Not to mention the ability to export Scorch pages for my website, so people can preview the music! It's a pretty neat tool: www.monikadurbin.com/formiapress
Hm. I prefer sibelius, but finale's OKAY but it's not that great for composing complex pieces. I think a very versatile one is actually Guitar Pro, but you need to write out all of the parts in guitar tablature.
well to reply to what the person above me said, you dont need to use guitar tab to use guitar pro. a midi board works just as well. but if u dont have one u can hide the tablature(like i do) and just use the standard notation. i like guitar pro better than finale,but ive never tried noteworthy. I should look into it
It's free? Mine says it's a "30 - day trial", but I've used it for much more than that... Noteworthy composer is a good way to do it, although I can never find how to do the trills and little embelishments like that.
I agree with Norby, Sibelius is the way I went and I do not regret it in the least. If you're a student you can get the student discount and buy it for like $200 instead of $600.

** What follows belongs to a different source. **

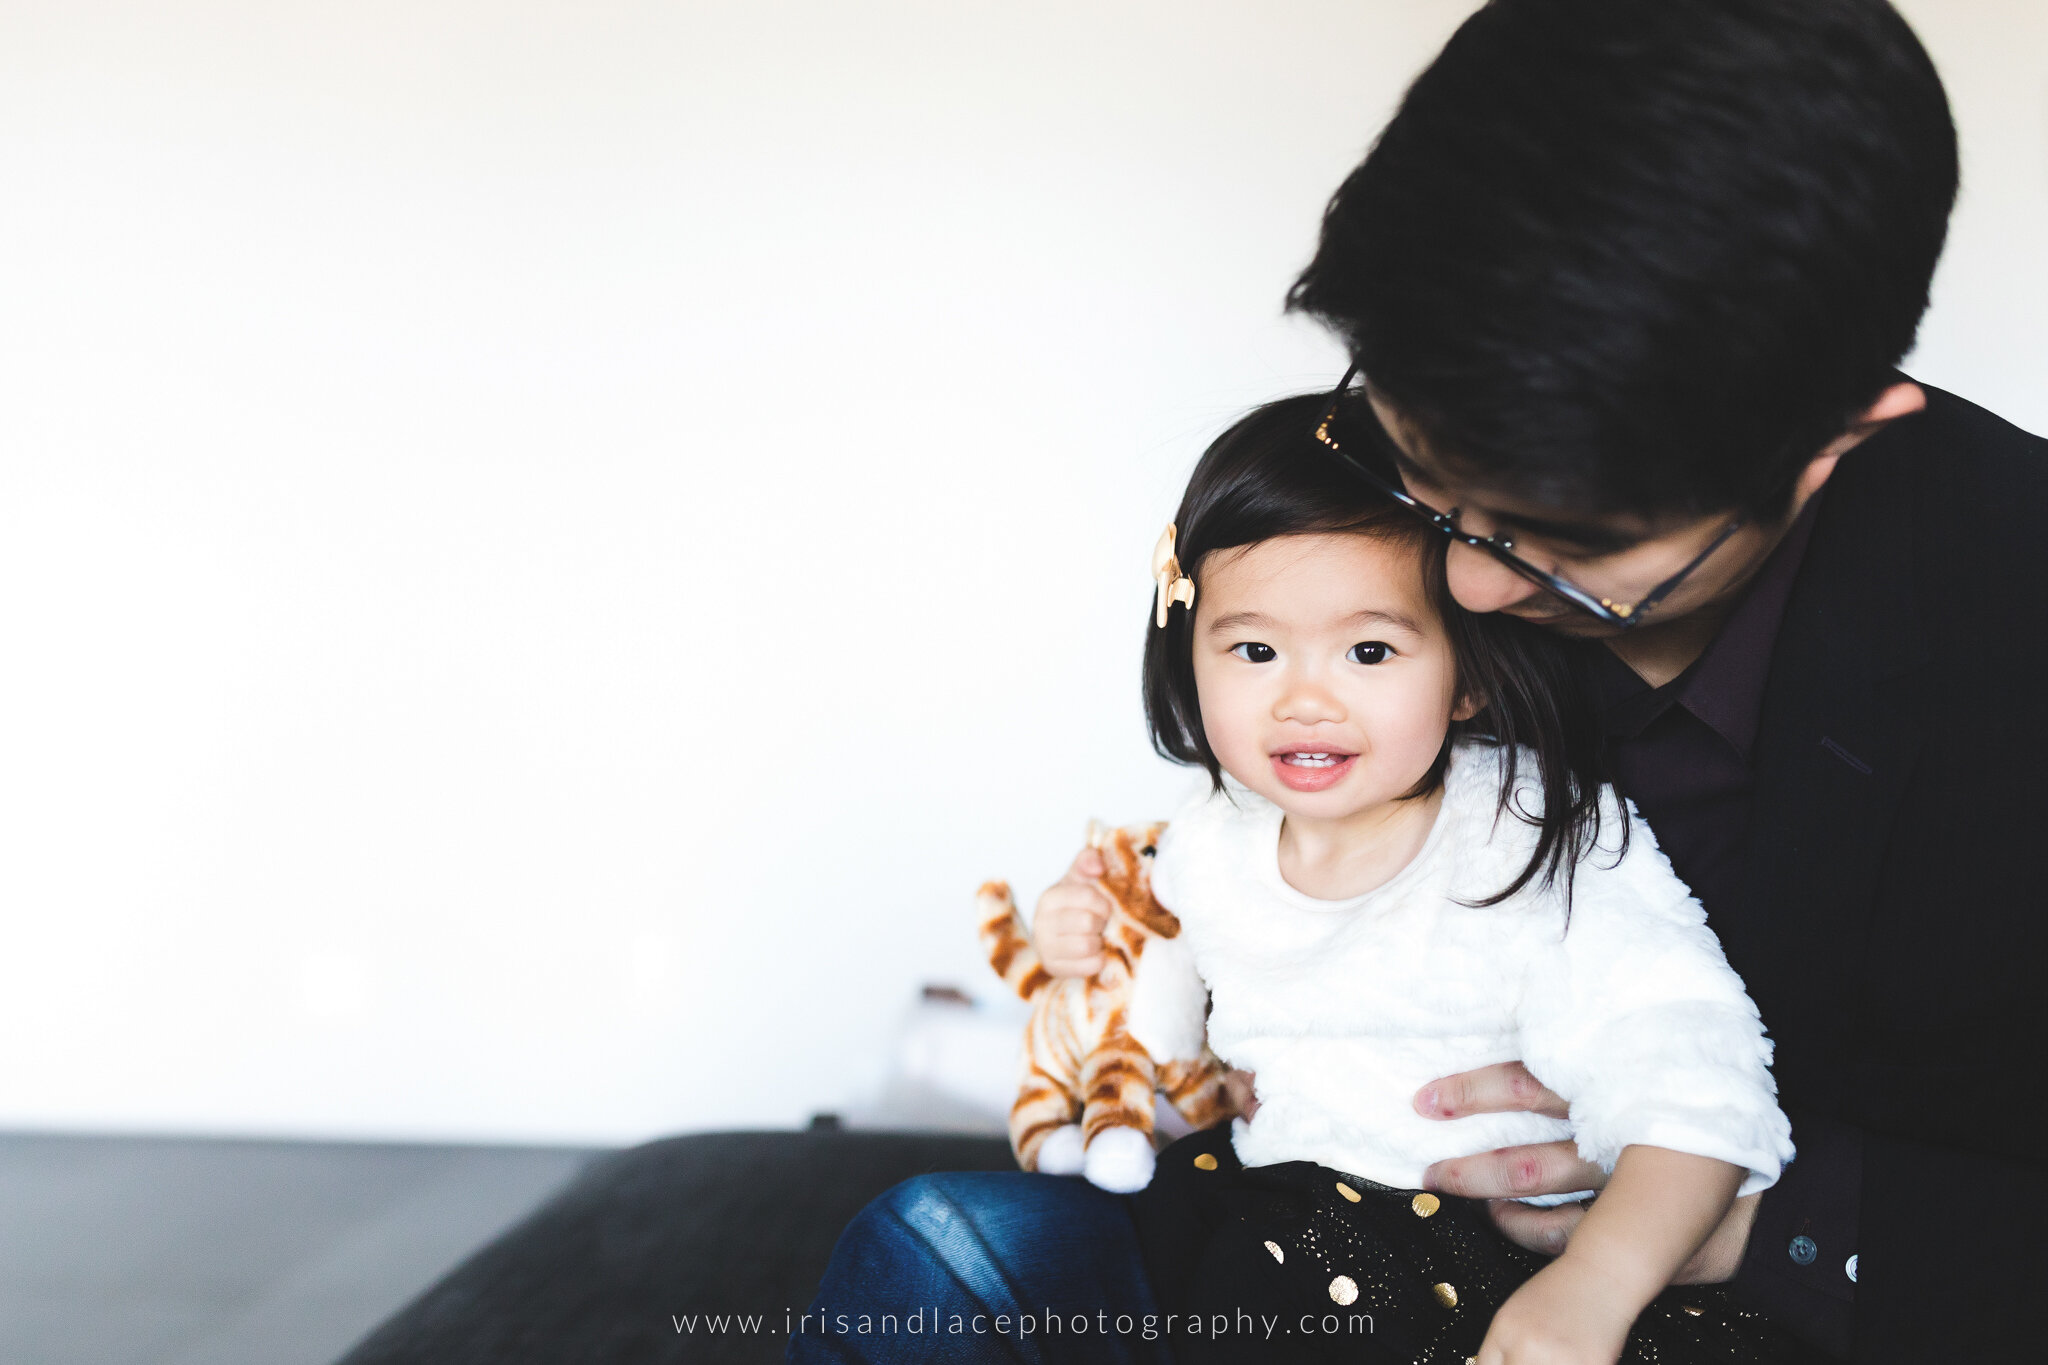 Menlo Park Lifestyle Family Photography  |  Iris and Lace Photography  |  Northern California Photographer

Re: which software do you offer to compose music? 20:17 on Sunday, August 12, 2007
0 votes
Account Closed (394 points)
To compose music, that assumes sheet music right (write?)? I suggest Cubasis VST for older computers (or the newest Cubase 4.4 for new computers) for composing. Not for sheet music but for composing. Cubase has the virtual studio for the MIDI professional all figured out. The use of VST and virtual instruments via MIDI as well as the standard MIDI and multi-track audio recording make it the ideal tool. The others like Finale are basically more for producing sheet music using the standard MIDI tools. Yes, they are multi-tracked, and produce wonderful sheet music (I also have used older cheaper ones like Muziktime.) but for actually working the creative process, I feel you need to work with programs that can use all the MIDI tools, the sheet music and transcription processes are better left to a program that does that well...which I recommend Finale!